Reputation: 13085
The data set is 97984 files in 6766 folders with 2,57 GB. A lot of them are binary files.
For me this does not sound so much. The daily data change rate is in the hundreds of KB on maybe 50 files. But I'm scared that subversion will become extremely slow.
It was never fast anyway and the last time at v1.2 the recommendation was splitting it into multiple repositories. No, I don't like this.

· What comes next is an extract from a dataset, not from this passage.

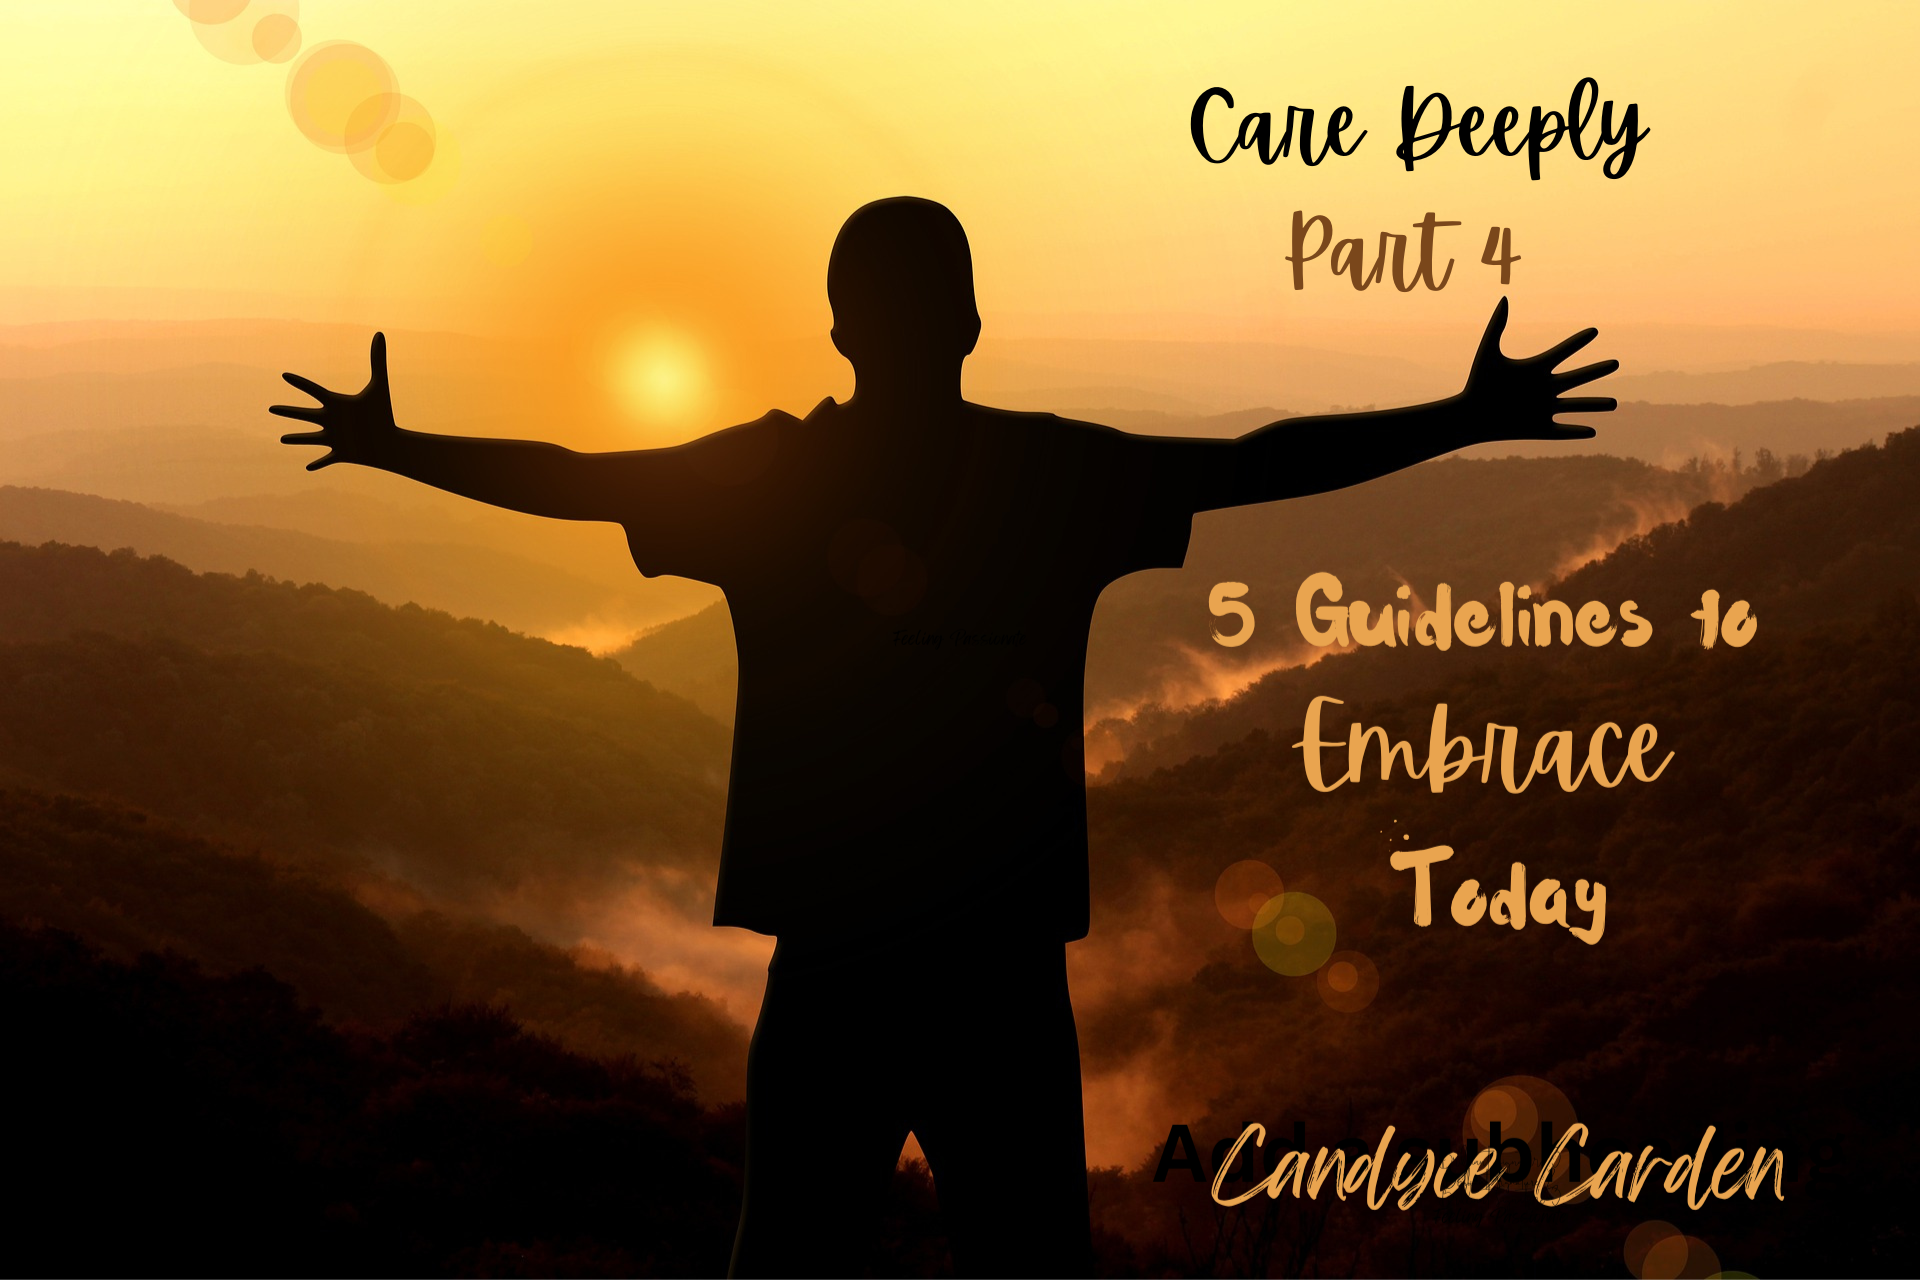 5 Guidelines to Embrace for Doing Life Today ~ Care Deeply

Is there way that I can tell Subversion or any other free open source version control to trust the file modified time/file size to detect file changes and not compare all the files? With this and putting the data on a fast modern SSD it should run fast, say, less then 6 seconds for a complete commit (that's 3x more then getting the summary from the Windows Explorer properties dialog).
Upvotes: 5
Views: 747
Reputation: 24491
I think the best way is to try for yourself. Mercurial will work fine, since it doesn't compare the file content if the mtime isn't changed, as you wanted.

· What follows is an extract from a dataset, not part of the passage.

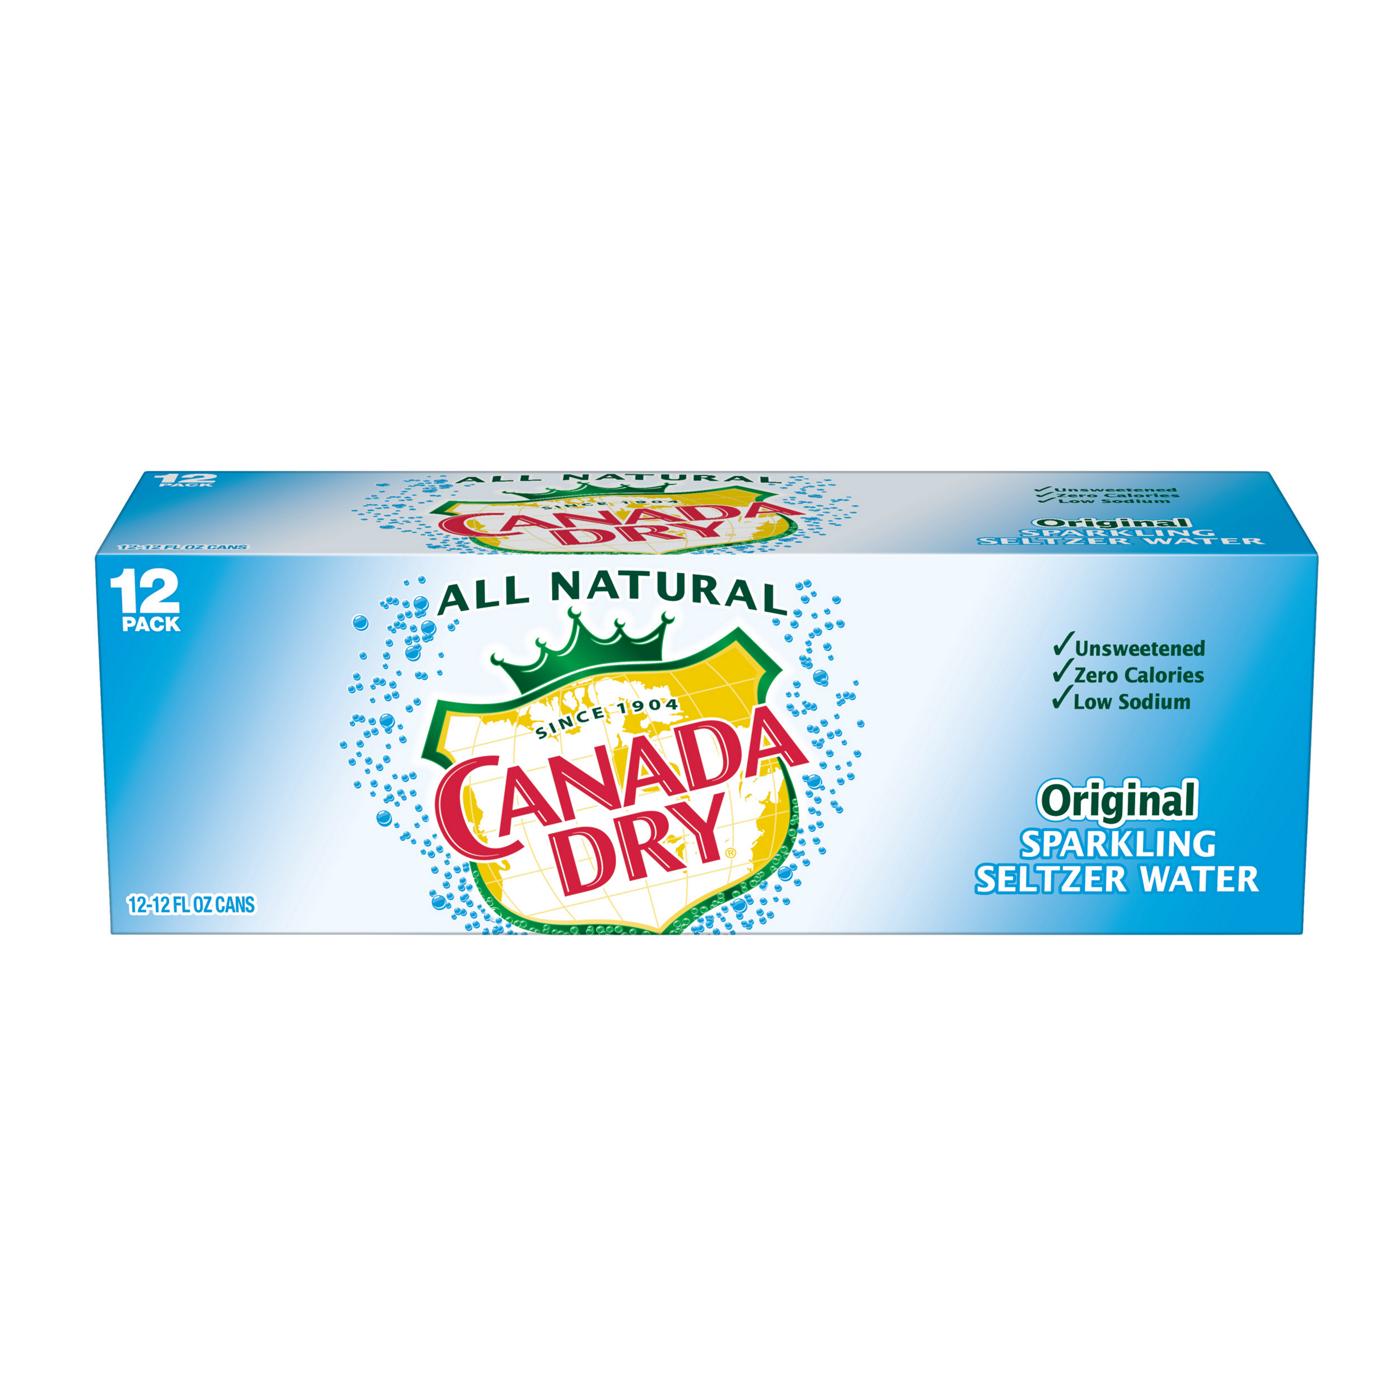 Canada Dry Original Sparkling Seltzer Water 12 PK Cans; image 3 of 3

Here are the timings (not on ssd):
Data size - 2.3Gb (84000 files in 6000 directories, random textual data)
Checkout time (hg update from the null rev to tip) - 1m5s
status time (after changing 1800 files ~35MB) - 3s
commit time (after the same change) - 11s
If you want to avoid a full tree scan during commit, you could try the inotify extension (use the "tip" version where all known bugs should be fixed).
You need to be aware that cloning such a repo might be painful for your users since they will have to transfer quite a lot of data.
EDIT: I missed the (implicit) fact that you were running it on windows, so inotify won't work (hopefully it will be ported to windows in the future, but that's not the case right now).
EDIT 2: added timings
Upvotes: 3
Reputation: 12416
I've just done a benchmark on my machine to see what this is like:
Data size - 2.3Gb (84000 files in 6000 directories, random textual data)
Checkout time 14m
Changed 500 files (14M of data changes)
Commit time 50seconds
To get an idea of how long it would take to manually compare all those files, I also ran a diff against 2 exports of that data (version1 against version2).
Diff time: 55m
I'm not sure if an ssd would get that commit time down as much as you hope, but I was using a normal single sata disk to get both the 50 seconds and 55minutes comparisons.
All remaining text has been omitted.